Your so called constructive criticism is just you covering up being rude. I mean, who are you anyway? Nobody to me. Who do you think you are to come at me when you haven’t contributed anything yourself.

I’ve already written more than I should have. What a waste of time you have been.

I am an open source developer and have released and contributed to different kinds of projects. In fact I have contributed code to the projects related to llama.cpp and also released a project based on llama.cpp … If you did two seconds of research you should be able to find my github profile: Hint same username.

In communication there is always a sender and a receiver. Right now you are not engaging with what I am trying to say in good faith. As the sender I have tried to communicate my point clearly without any kind of personal attacks. But if you want to interpret what I am saying as being rude and ignore any valid criticism, then that is your problem not mine.

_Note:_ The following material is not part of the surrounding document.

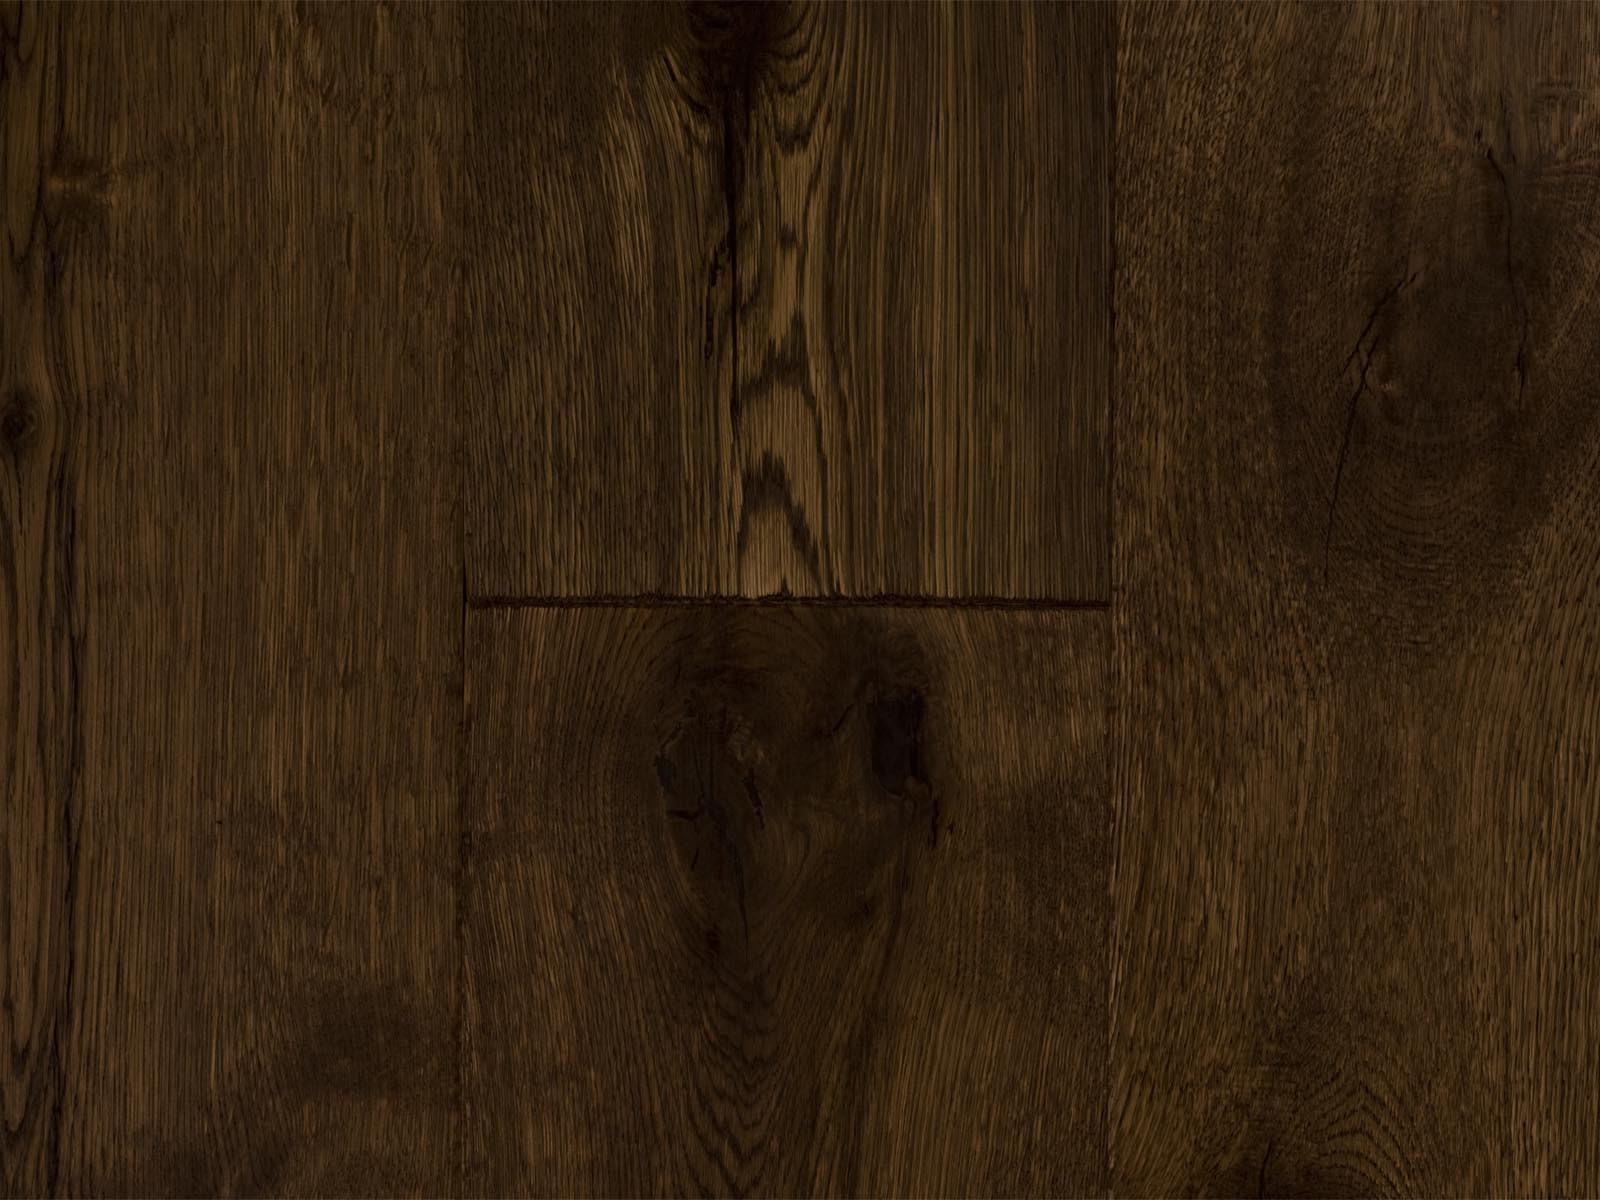 lauzon hardwood flooring reviews of american relics collection hfcentre inside windsor european oak

Ultimately it does not matter code does not lie, the result is there for everybody do see and validate as they see fit. And given my backgound in c++ and c development I am very confident that I am right about what I am saying.

I don’t need or expect you to do anything, do what you please. My goal was to make clear what the result of what you are calling “llama.cpp” actually is. If you don’t want to take my feedback seriously then that’s that.

For anybody else how got excited that they could port their llama.cpp projects to a hailo based device, sorry to disappoint but this is not what you are looking for.